Professional Pot Stirrer
pilot
Yeah...I need to get to The Show ASAP. Can’t wait.
I’m not really killing my quality of life either. Flying 8 days and 6 days of reserve. The only down side, to build the extra hours it’s a lot of long haul junk. Billings, Phoenix, LA, Burbank, John Wayne, Great Falls.. My shortest flight out side of the Mobile that didn’t happen was a Middletown out and back last night.
 

wlawr005

Well-Known Member
pilot
Contributor
What leverage exactly does the ALPA hold to make this possible and how sustainable is it?
I only ask because I'm the type of guy that bought a house in 2007 and am always waiting for the other shoe to drop.
 

Jim123

DD-214 in hand and I'm gonna party like it's 1998
pilot

scoolbubba

Brett327 gargles ballsacks
pilot
Contributor
What leverage exactly does the ALPA hold to make this possible and how sustainable is it?
I only ask because I'm the type of guy that bought a house in 2007 and am always waiting for the other shoe to drop.

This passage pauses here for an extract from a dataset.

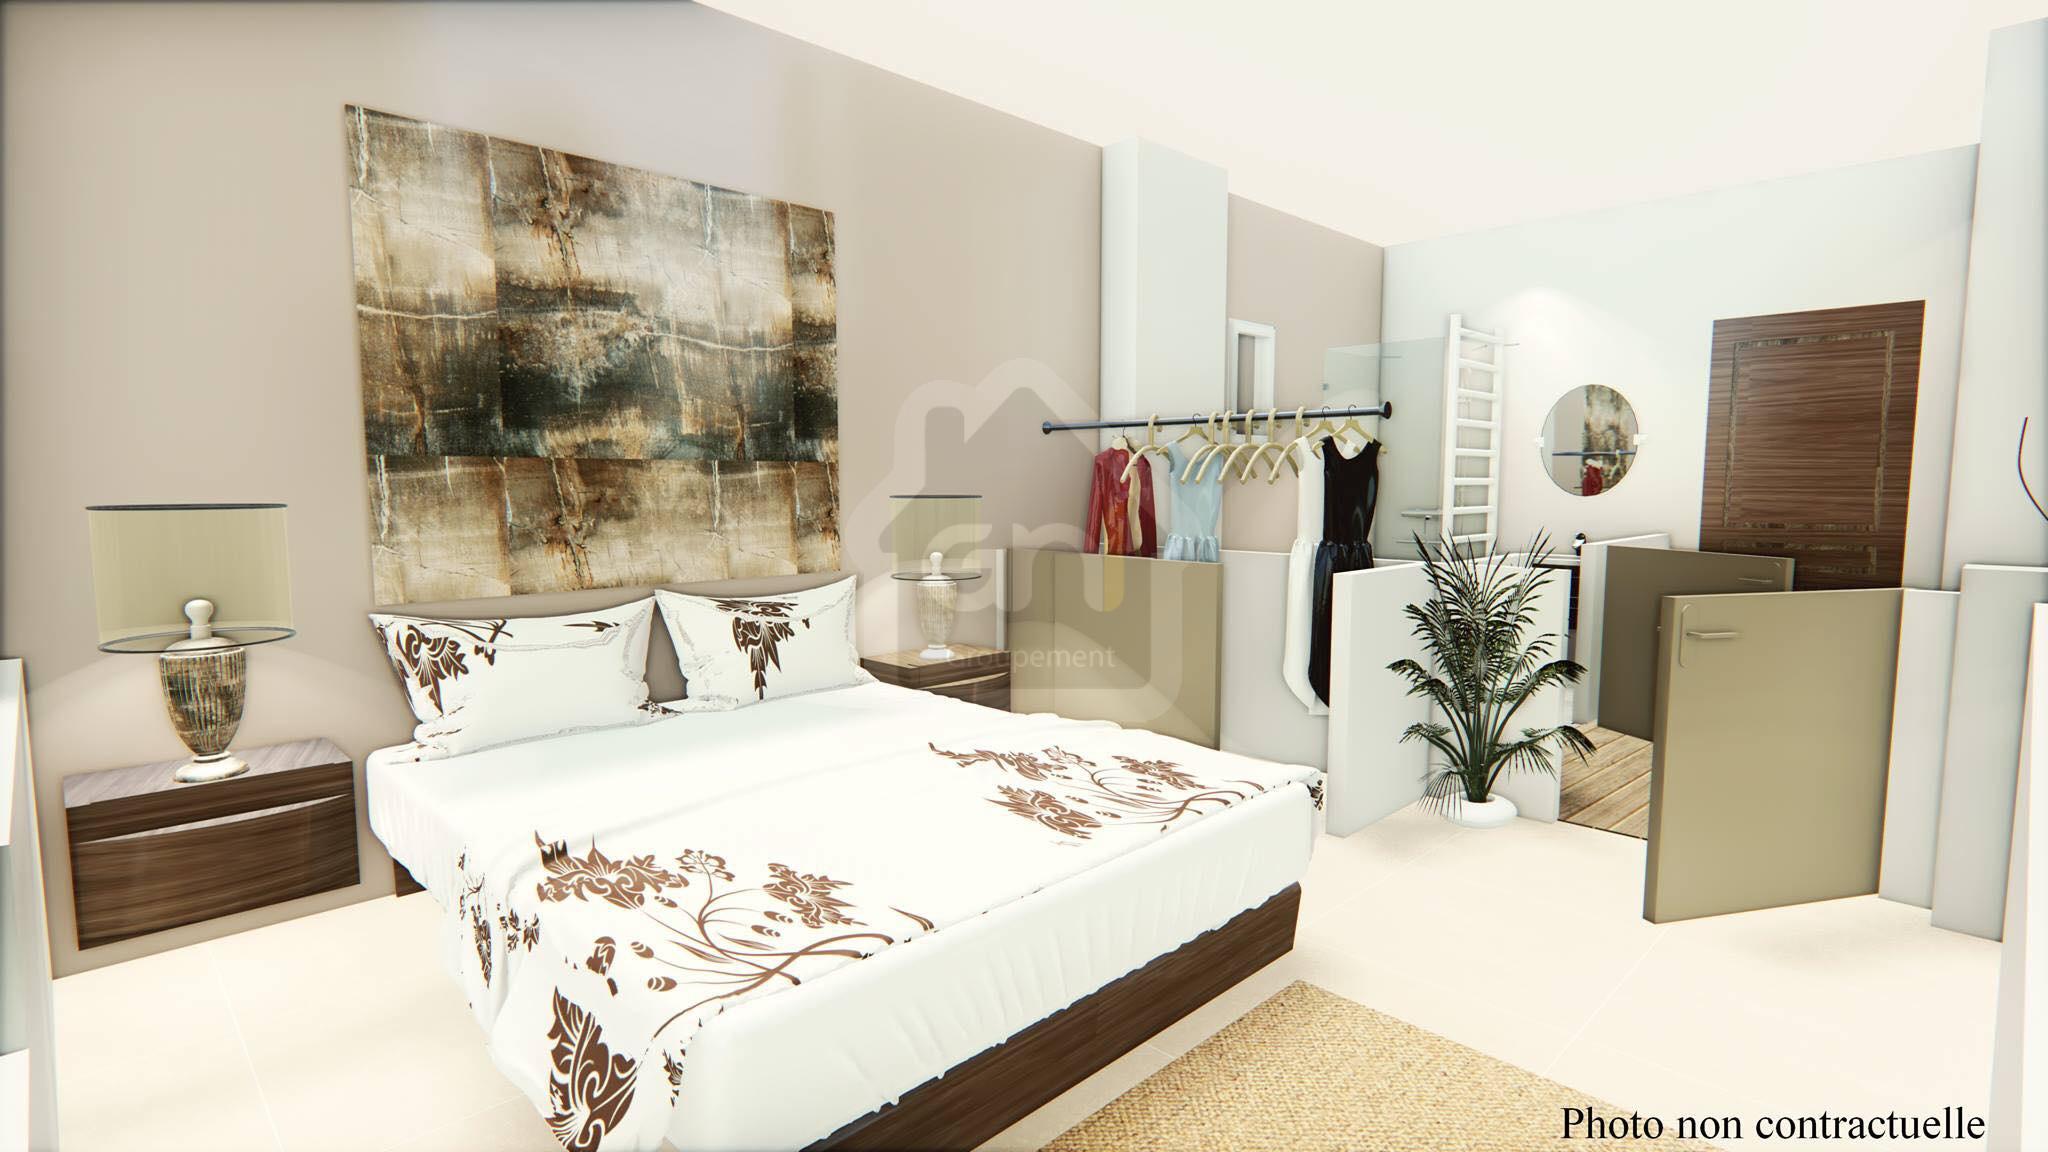 Vente Appartement Neuf T2 Solenzara Corse Patrimoine

The 1500 hour requirement is a barrier to entry that is naturally raising pay by squeezing supply. The other leverage is age 65; guys hired in the last big boom of the reagan years and desert storm are timing out. Even better leverage is the profitability of the consolidated carriers...Capacity discipline boosted the profit/seat mile. At some carriers, they can point to billions in shareholder buybacks and dividends and go "this company is healthy enough to spend in the short term to boost its stock price vice making investments in x/y/z...therefore, it can afford to take care of what it always claims is its most valued asset."

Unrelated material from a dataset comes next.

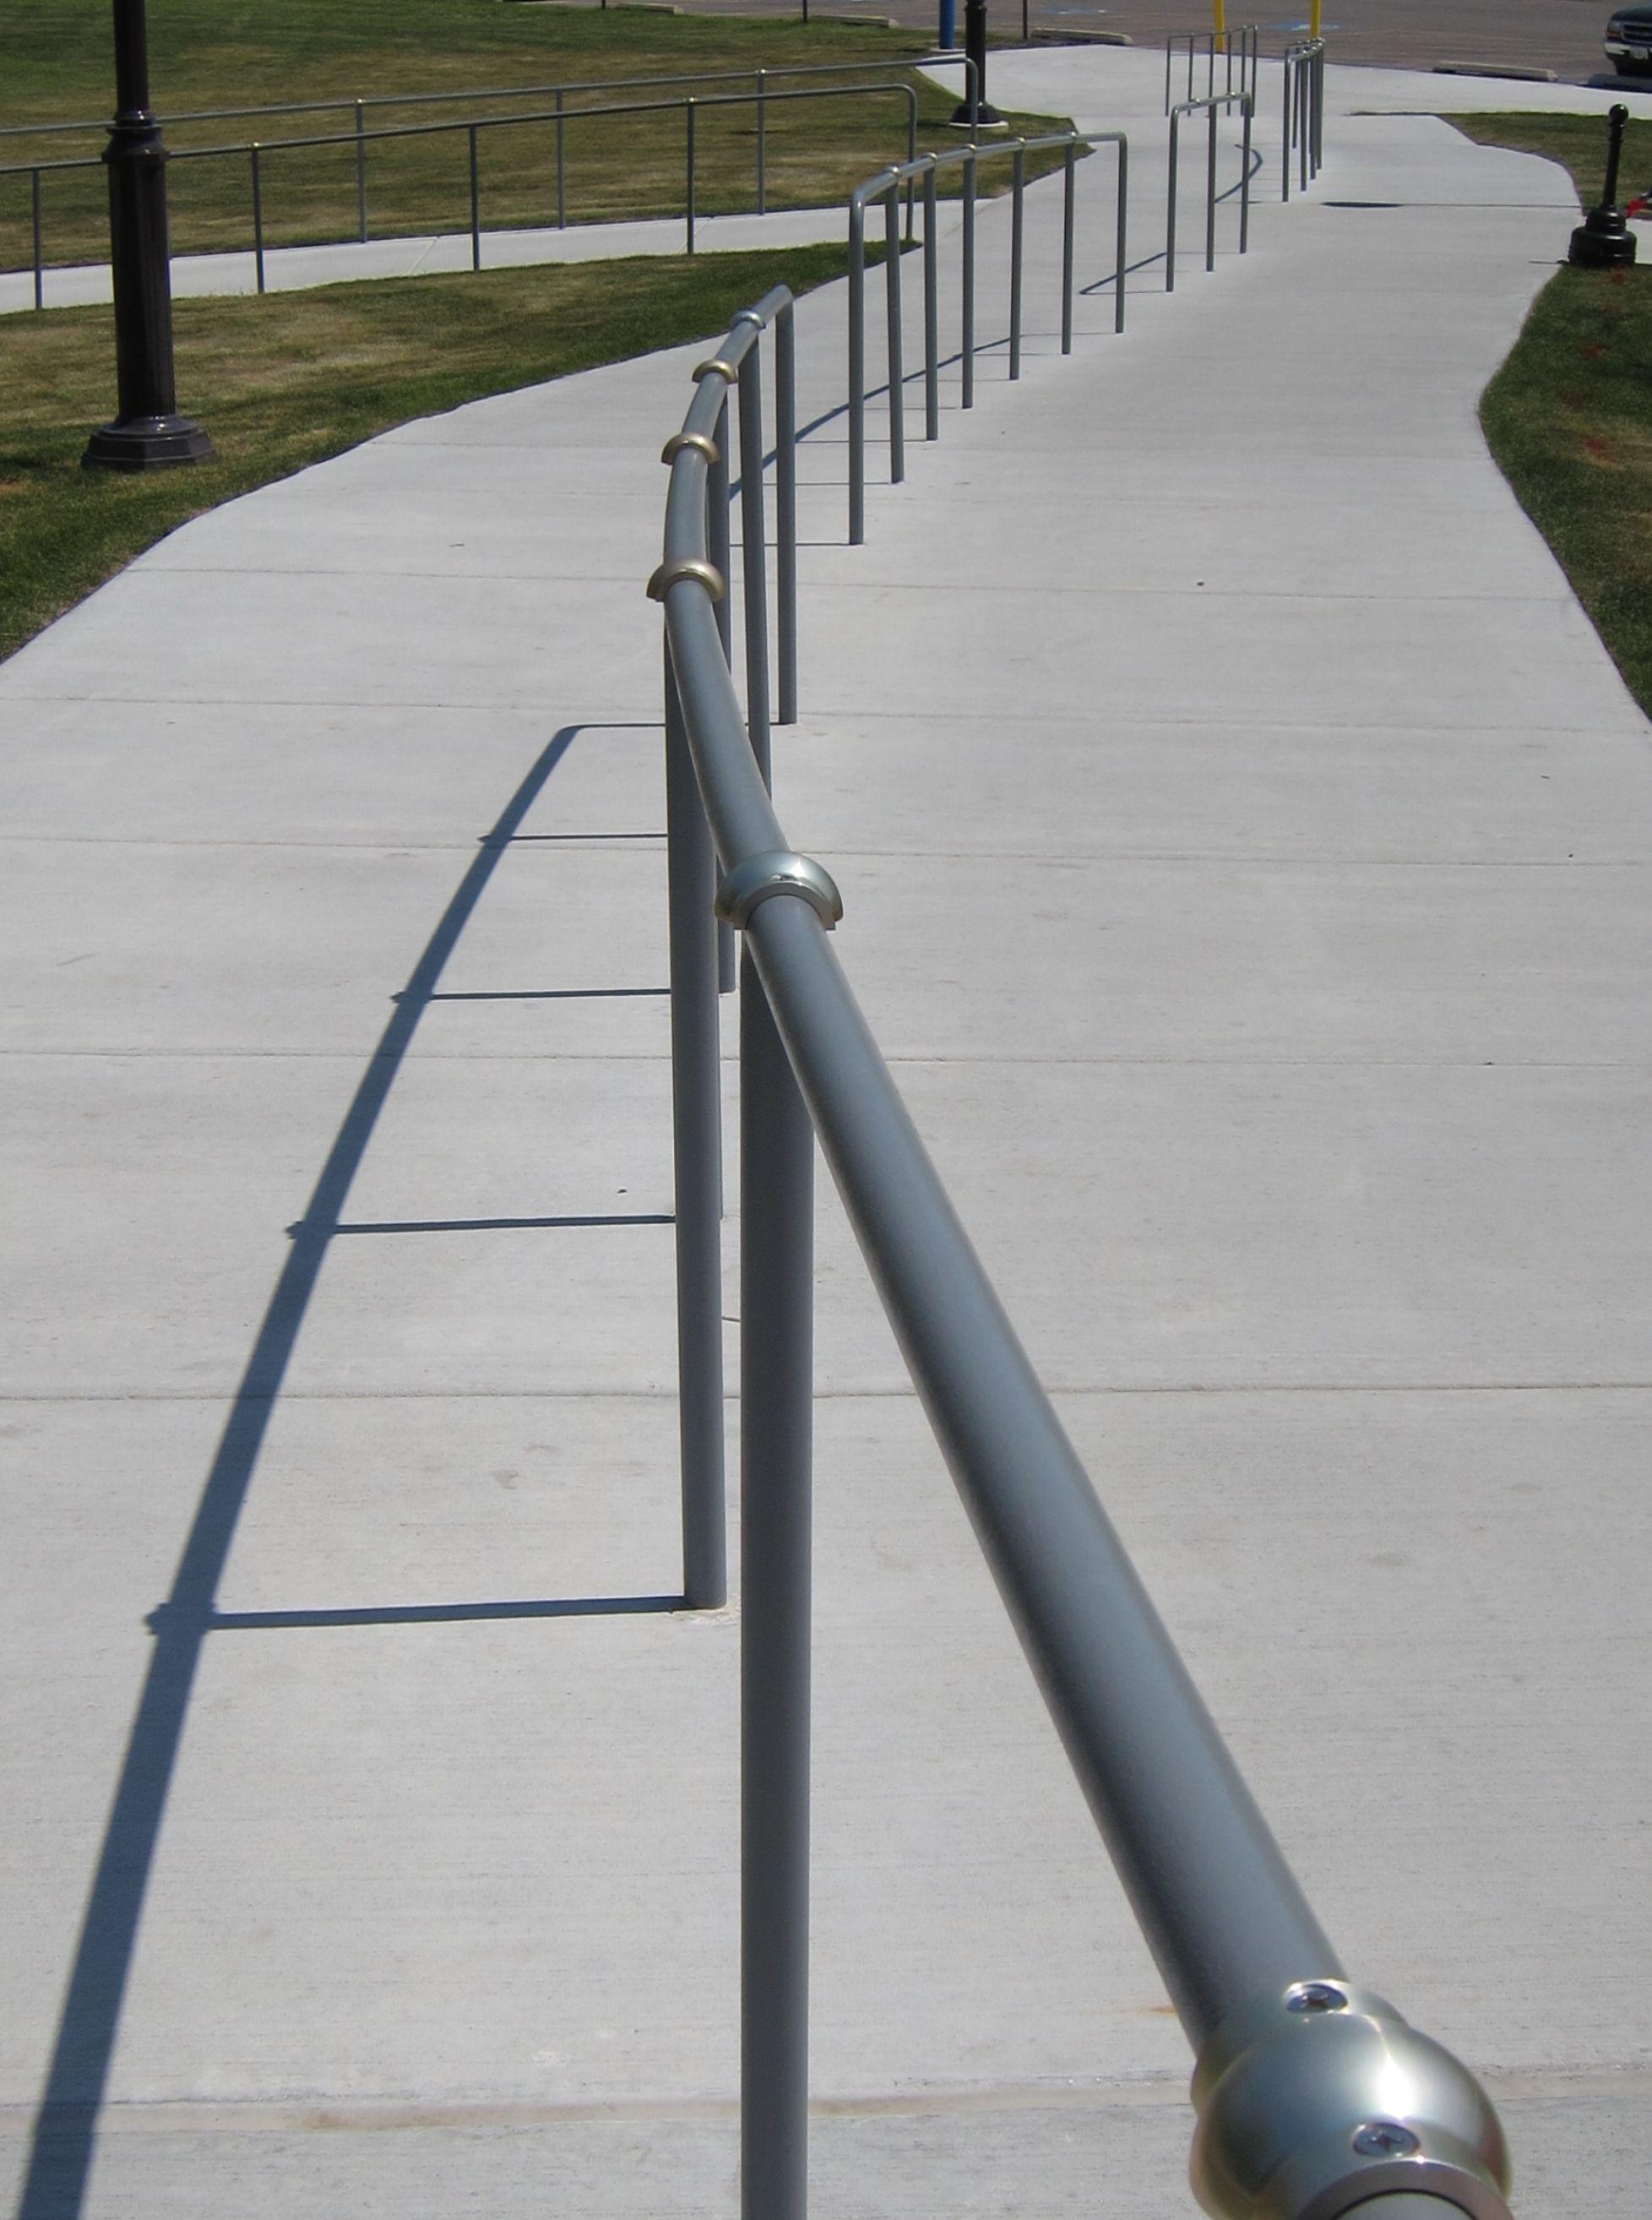 Best Handrail Minders Skateboard Deterrents Built For Round 400 x 300

Unions are looking to make up for concessionary contracts voted on in the wake of 9/11 and bankruptcy. Guys won't get their pensions back (and based on past performance I'd argue that it'd be wasting negotiating effort to try even if you did succeed seeing as to how quickly the companies can shed that obligation after a quick run through the bankruptcy rinse rack), but they'll look to keep grabbing bigger pieces of profit sharing, better work rules, better 401k matches/non-elective contributions, retaking flying farmed out to the regionals back under mainline, and higher pay rates.
 

wlawr005

Well-Known Member
pilot
Contributor
Thanks! I'm not gonna lie, your second paragraph might as well be written in Greek. I know there's been a couple of books floated around here about those days. Would that help?
 

scoolbubba

Brett327 gargles ballsacks
pilot
Contributor
Thanks! I'm not gonna lie, your second paragraph might as well be written in Greek. I know there's been a couple of books floated around here about those days. Would that help?

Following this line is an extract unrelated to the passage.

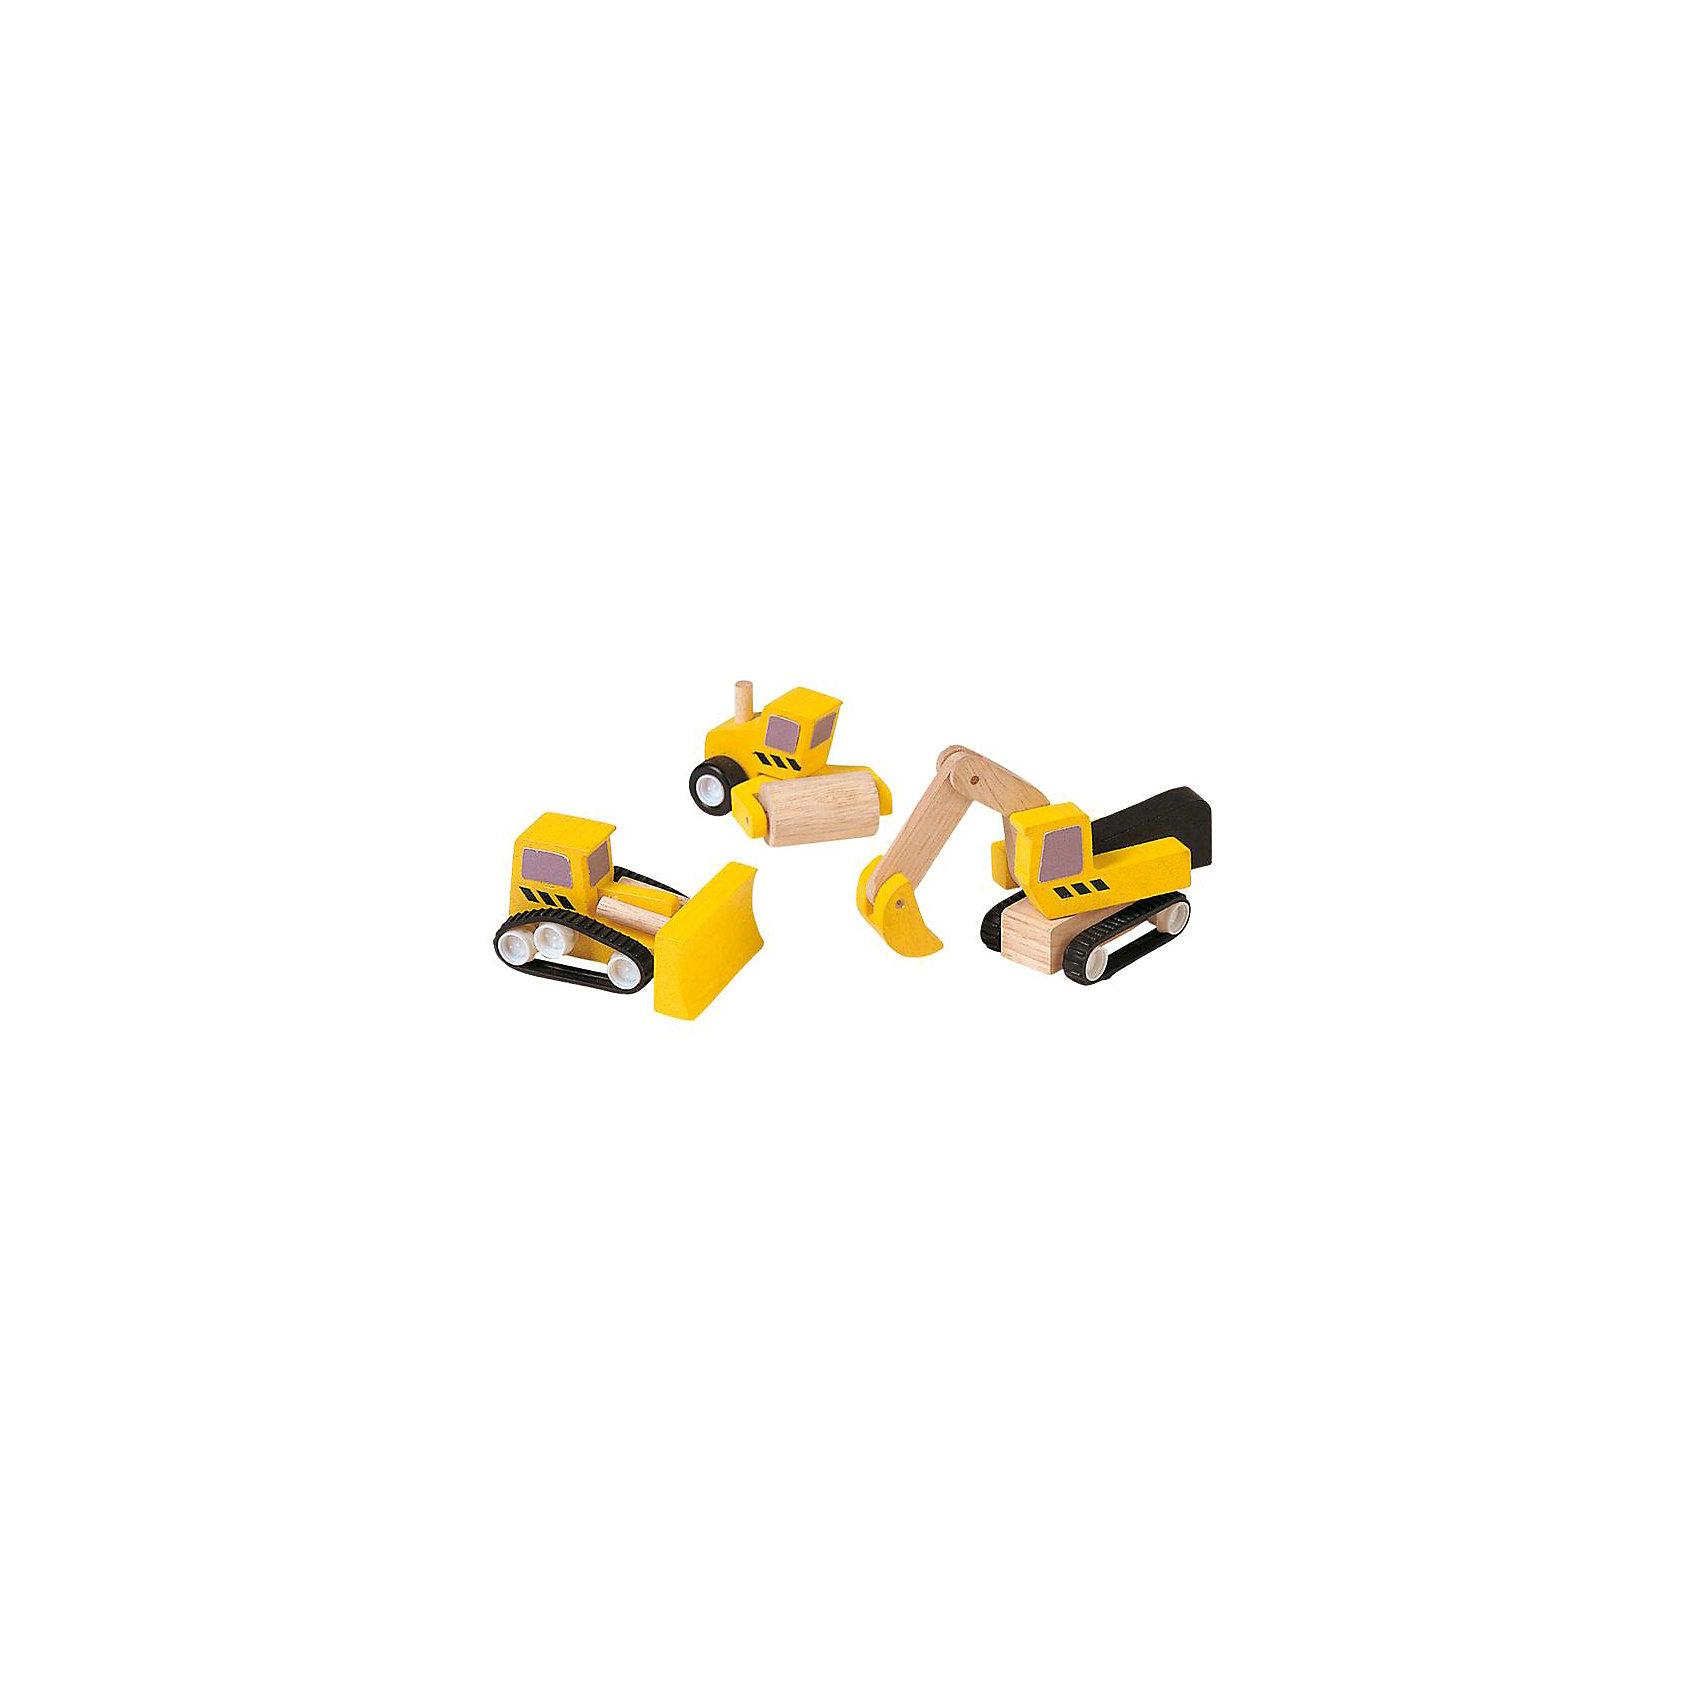 Plan Toys PLAN TOYS 6014 Дорожная техника конструкторы plan toys игра кактус

It wouldn't hurt, but most of it won't make sense until you're at a 121 carrier and by then you'll just have to learn how to play the game the same way everyone else does: verbal tradition passed down from on high (the old guys wearing white new balances and carrying an iphone in a holster usually have some pretty good gouge), reading the contract over and over again, and screwing things up on first year pay when it doesn't matter because you don't make any money anyway.
 

FrankTheTank

Professional Pot Stirrer
pilot
Cargo is different.. So I would say extremely sustainable. I know when the Flying Tigers merged there are stories of lots of folks getting 400 and 500% BLG. Actually the more each pilot flys in addition to BLG just means they can man the airline less which saves tons of cash for the airline. My award was 77 hours so I have almost doubled it. 121.5 X $313 = 38k which is cheaper than having 2 Captains with the health care, vacation, training and all the other incidental costs.
 

scoolbubba

Brett327 gargles ballsacks
pilot
Contributor
Cargo is different.. So I would say extremely sustainable. I know when the Flying Tigers merged there are stories of lots of folks getting 400 and 500% BLG. Actually the more each pilot flys in addition to BLG just means they can man the airline less which saves tons of cash for the airline. My award was 77 hours so I have almost doubled it. 121.5 X $313 = 38k which is cheaper than having 2 Captains with the health care, vacation, training and all the other incidental costs.


Tangent, but my wife’s grandfather flew for Flying Tigers but retired before the merger, I believe.

I seem to have inherited all his sweet golden era of aviation swag.

Dude started out wrenching on super connies for Seaboard, became an FE, SO, FO, and retired as a four striper flying the Queen for Flying Tigers.